Davey and Goliath is a Christian clay-animated children's television series, whose central characters were created by Art Clokey, Ruth Clokey, and Dick Sutcliffe, and which was produced first by the United Lutheran Church in America and later by the Lutheran Church in America. The show was aimed at a youth audience, and generally dealt with issues such as respect for authority, sharing, and prejudice. Eventually, these themes included serious issues such as racism, death, religious intolerance and vandalism. Each 15-minute episode features the adventures of a boy named Davey Hansen and his "talking" dog Goliath (although only Davey and the viewer can hear him speak) as they learn the love of God through everyday occurrences. Many of the episodes also feature Davey's parents John and Elaine, his sister Sally, as well as Davey's friends: Jimmy, Teddy, and Nathaniel in earlier episodes, and Jonathan, Jimmy, Nicky, and Cisco in later ones.

In general, the characters find themselves in situations that have to be overcome by placing their faith in God. While the show is explicitly faith-based, there is no content specifically about the Lutheran Church, which made broadcasters more comfortable with the idea of an overtly religious mainstream children's show. The only reference to Lutherans in the show was the theme song, an instrumental version of "A Mighty Fortress Is Our God", and the Luther rose displayed in the opening theme and end credits.

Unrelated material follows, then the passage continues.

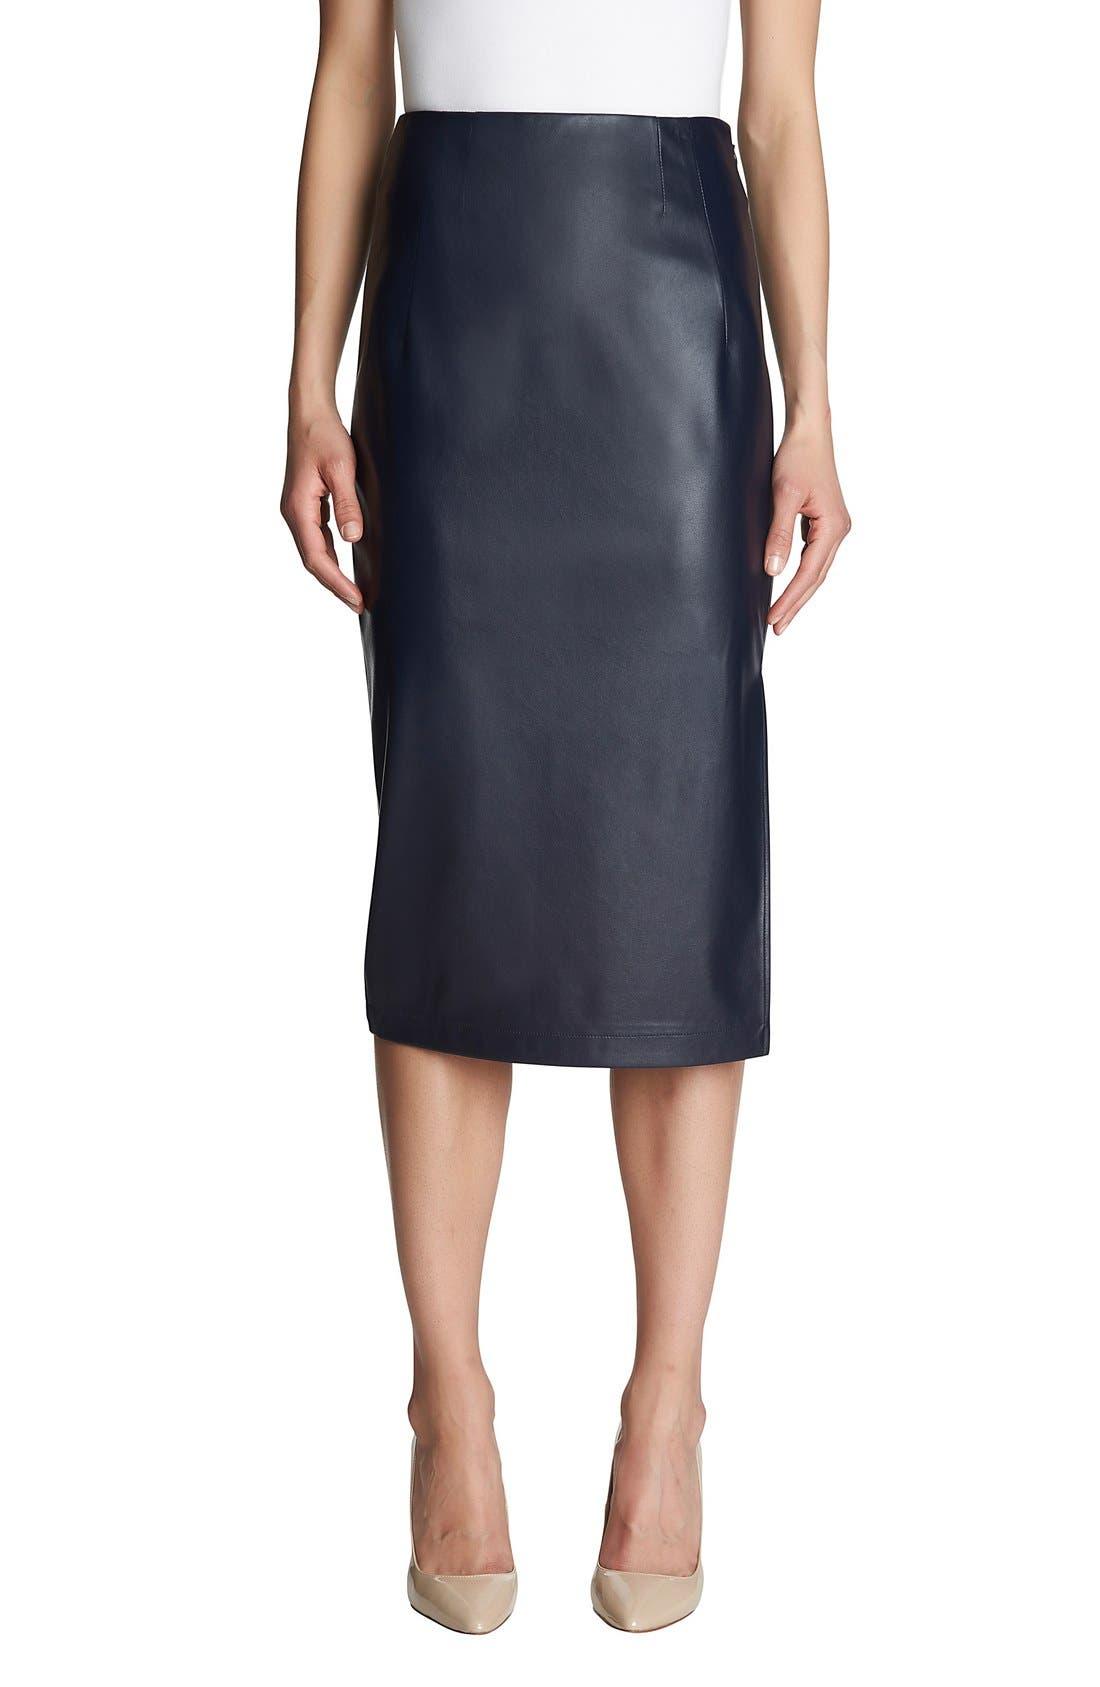 Alternate Image 1 Selected - 1.STATE Mixed Media Midi Pencil Skirt
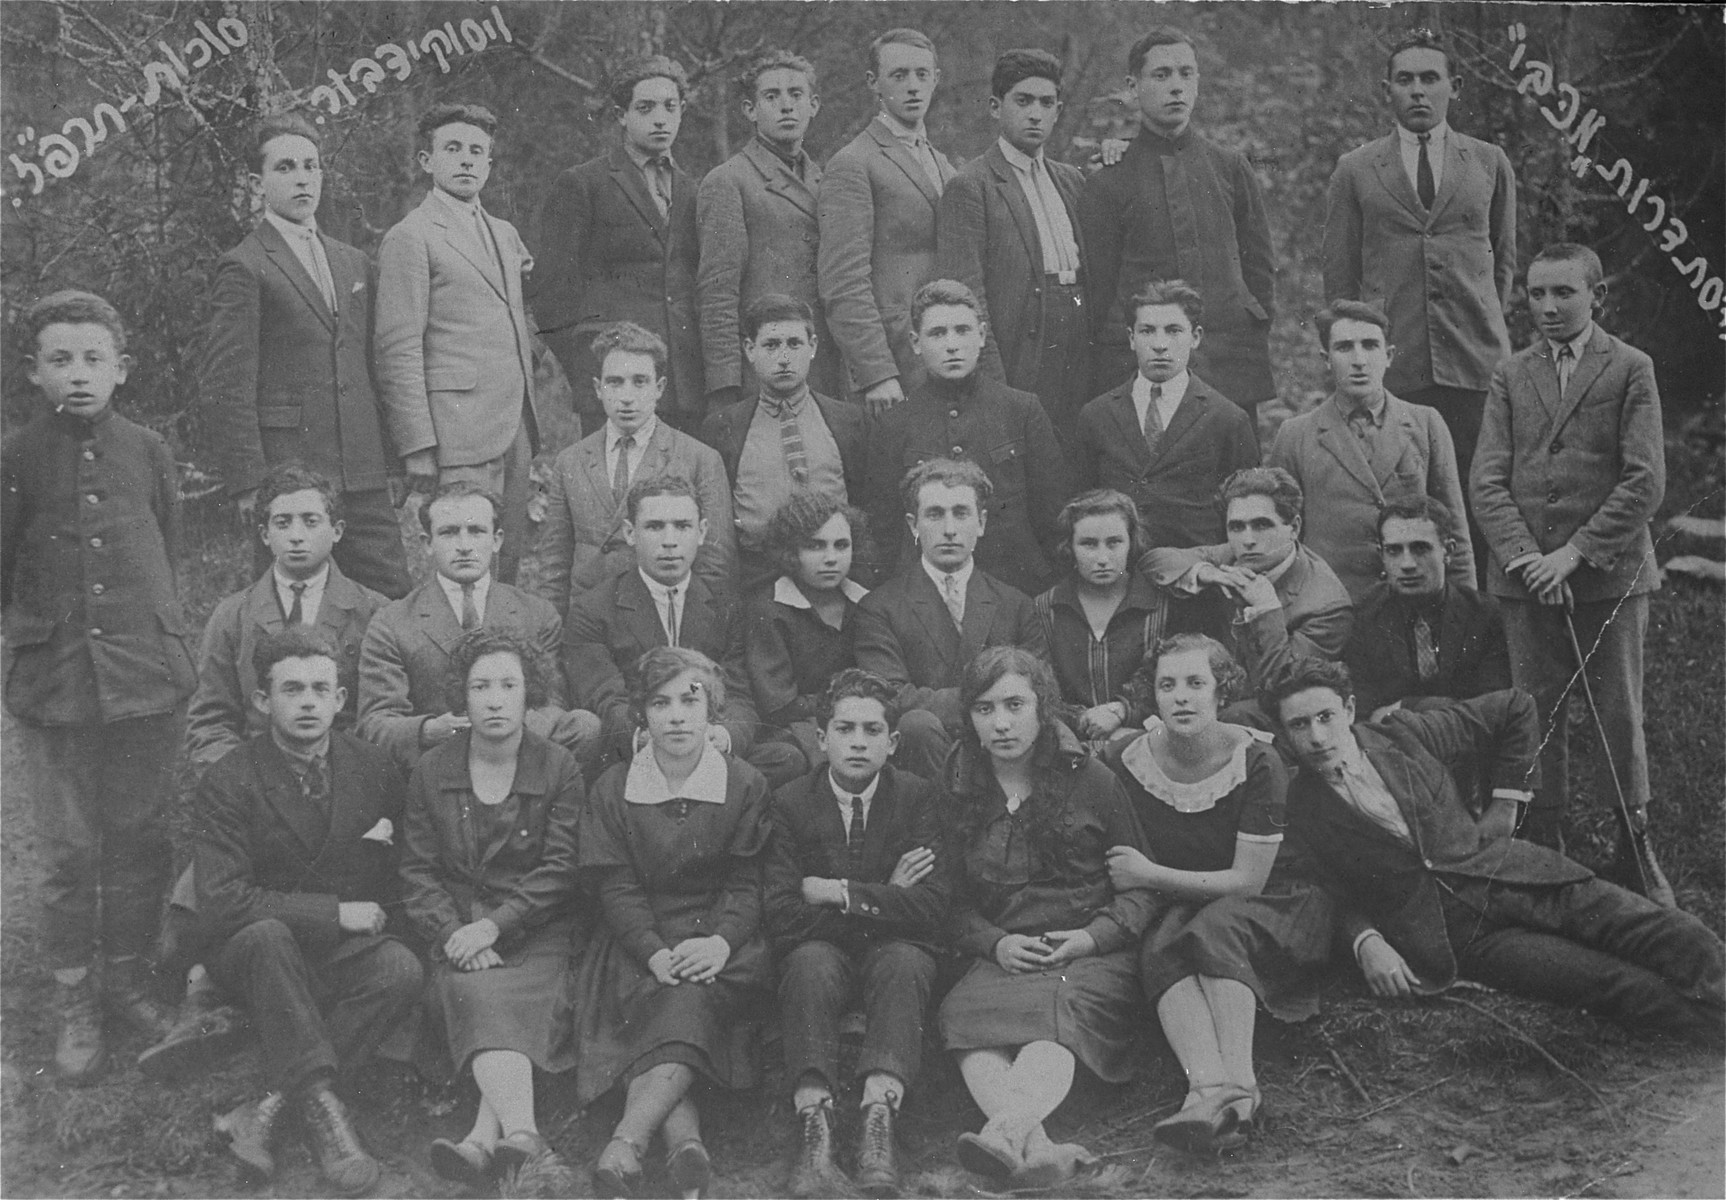 Group portrait of members of the Maccabi sports organization in Visokidbor, Lithuania, taken on the Jewish holiday of Sukkot.

Following Clokey's success with the Gumby series, Davey and Goliath premiered in syndication on February 25, 1961 as a Saturday feature, and lasted until 1965. By May 1961, it was reported that "Millions of children in cities and towns across the United States and Canada are talking about two new television stars, 'Davey and Goliath'."

Davey's friends Nathaniel (in the 1960s episodes) and Jonathan (in the 1970s episodes) were some of the first African-American characters to appear as friends of a television show's white lead character.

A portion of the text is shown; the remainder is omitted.